Task objective: In the data below, find the line containing "View of the" and the line containing "Outdoor swimming pool", then reproduce them and every line between, exactly. Omit pictures.

Records to process:
####################

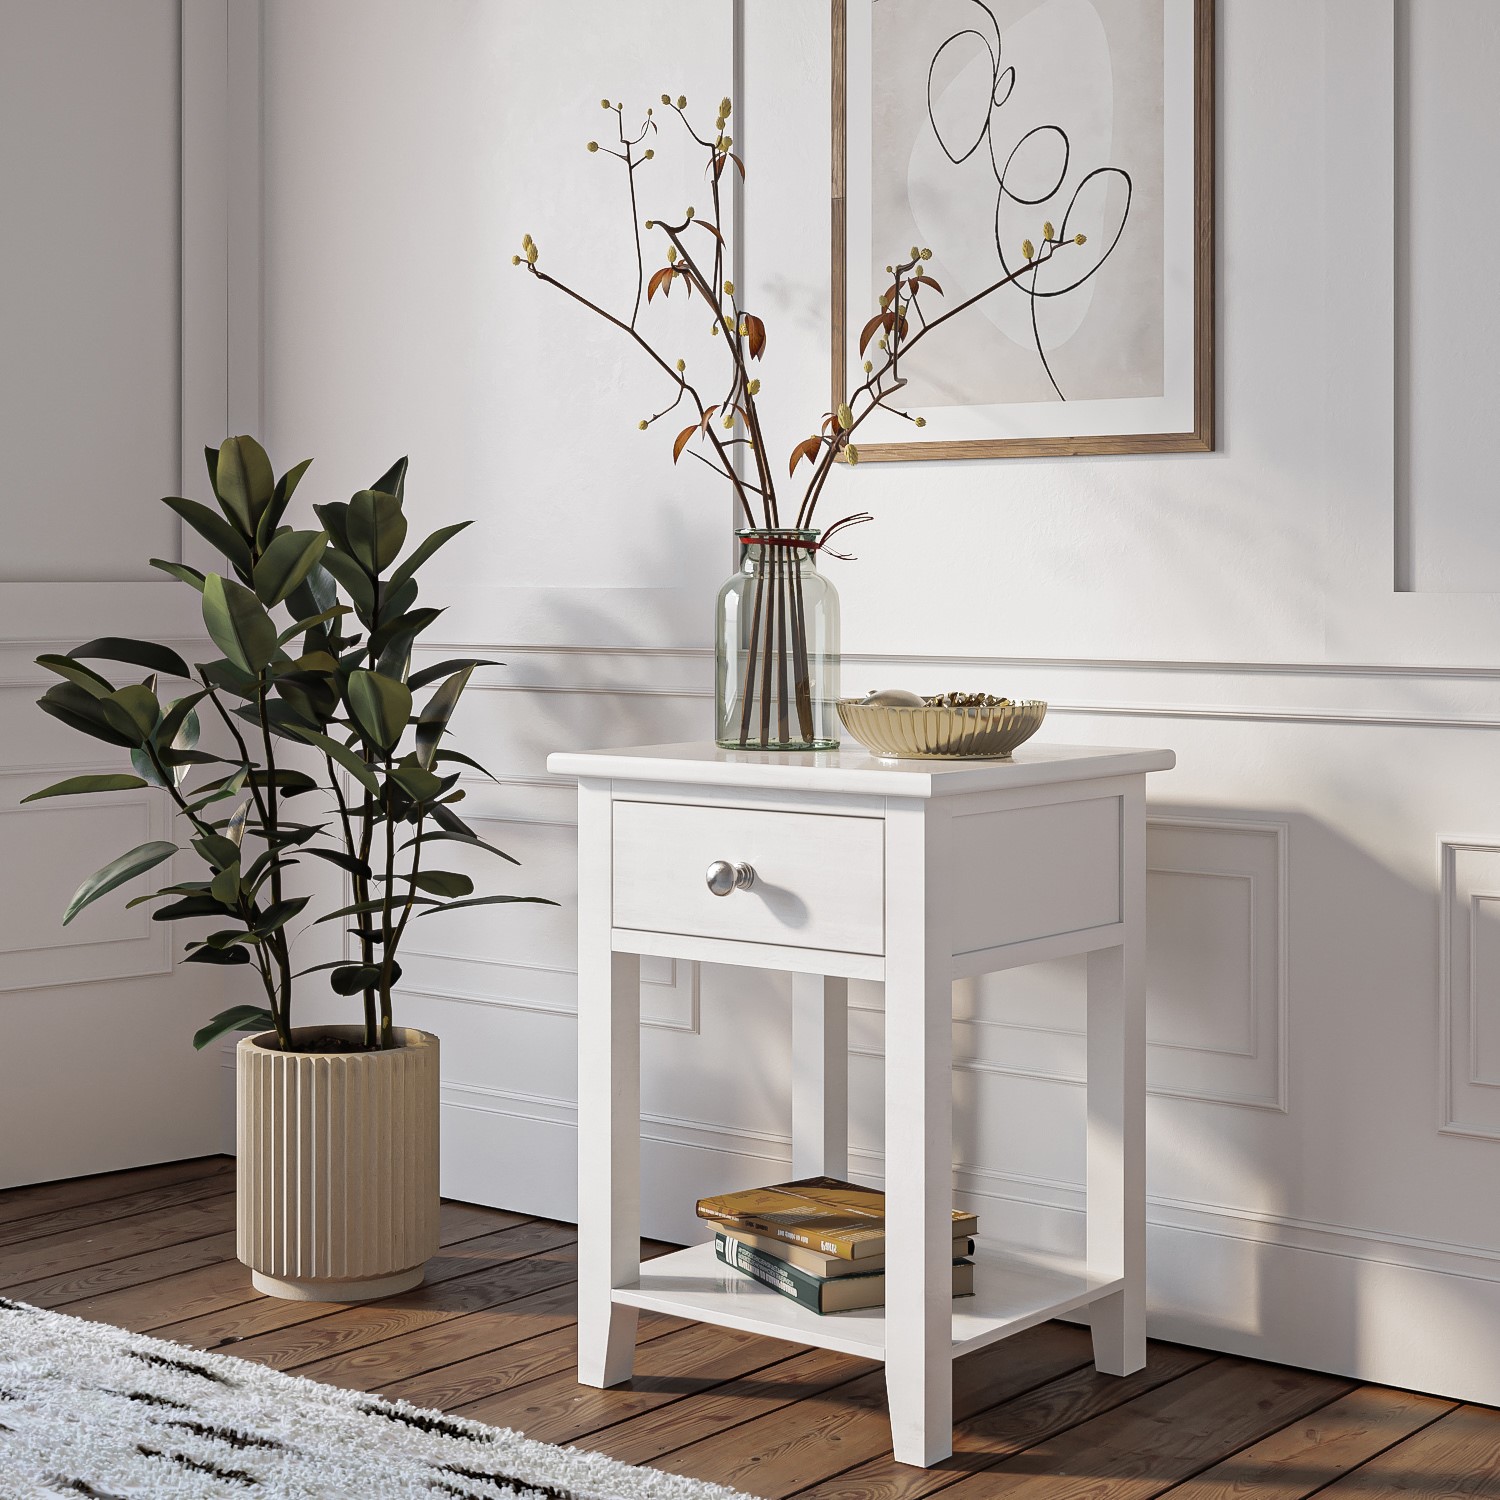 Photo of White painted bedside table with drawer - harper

####################

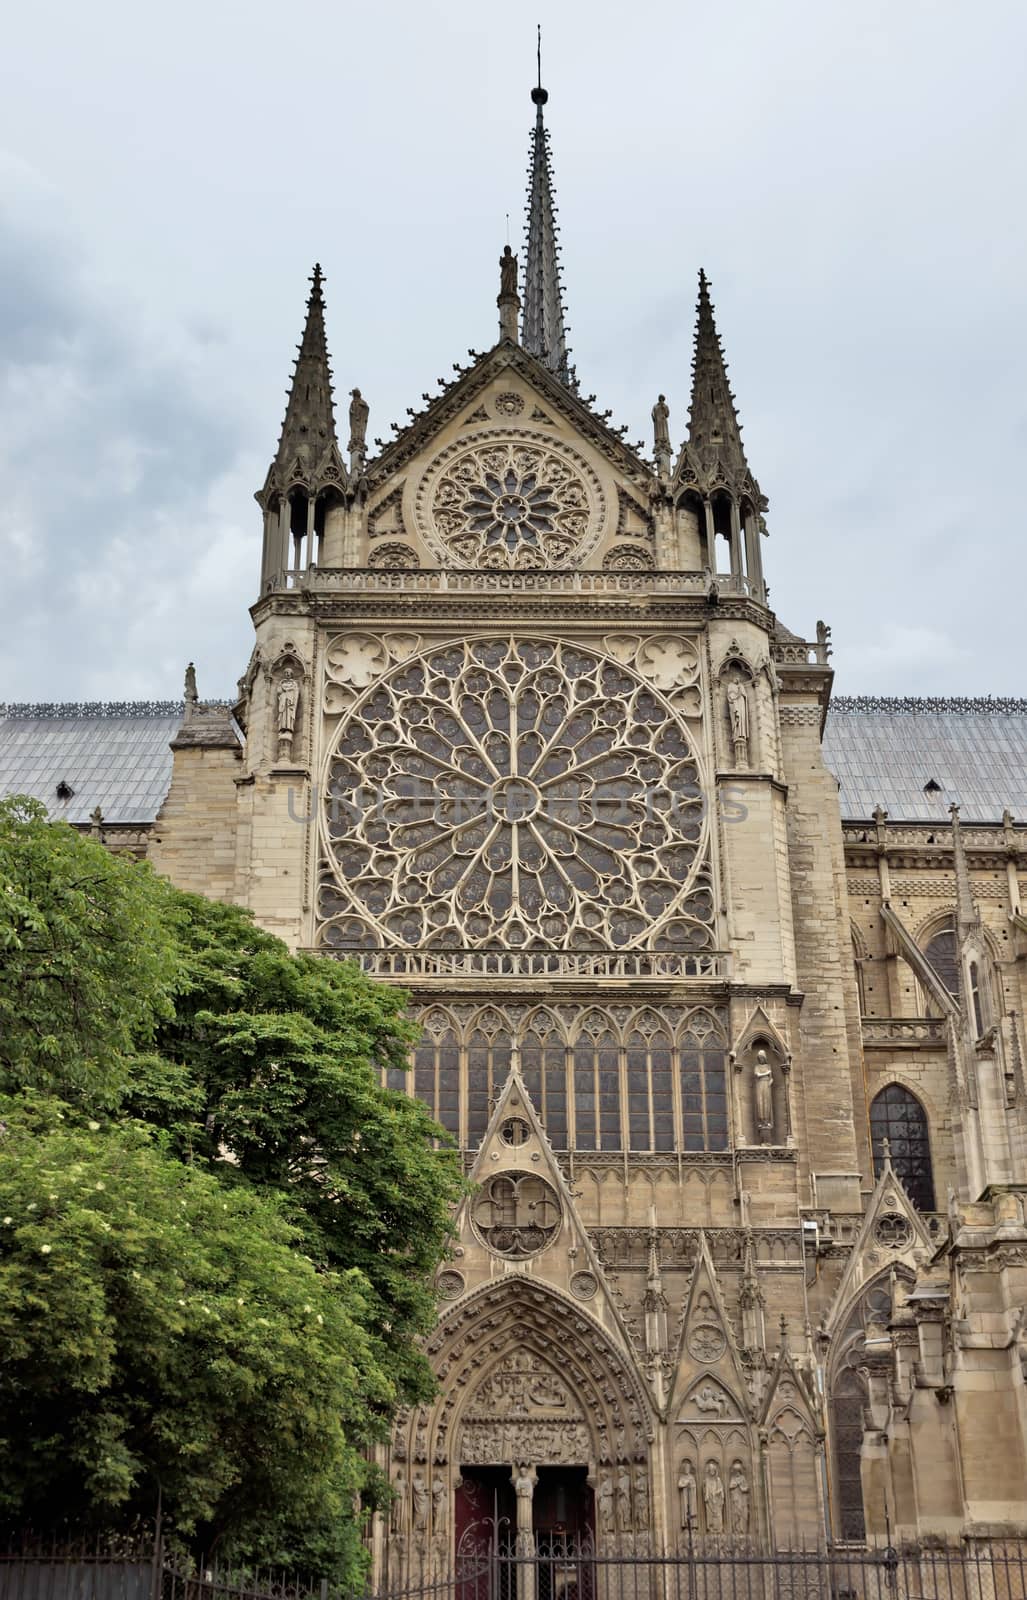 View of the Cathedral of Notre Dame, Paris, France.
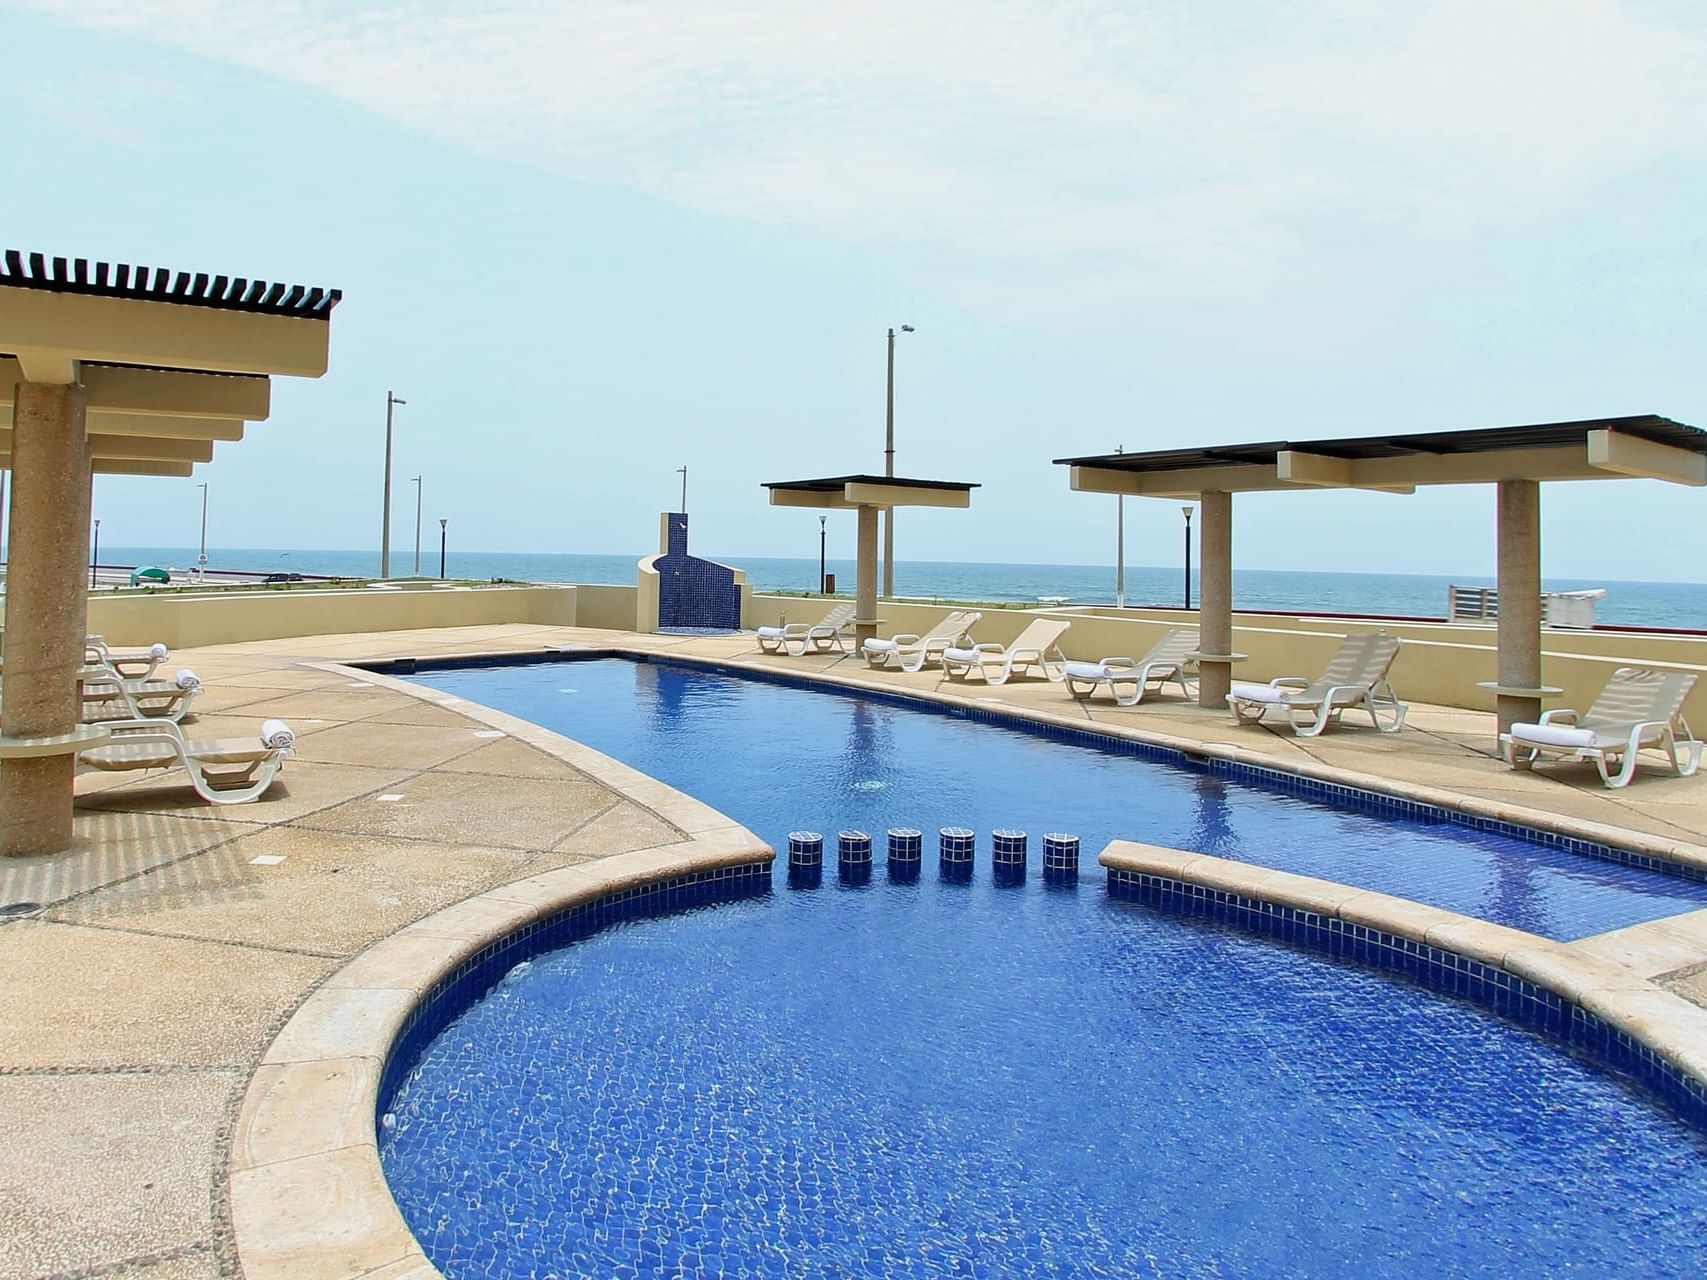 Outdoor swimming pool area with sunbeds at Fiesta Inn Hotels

####################

Written response:
 View of the Cathedral of Notre Dame, Paris, France.
 Outdoor swimming pool area with sunbeds at Fiesta Inn Hotels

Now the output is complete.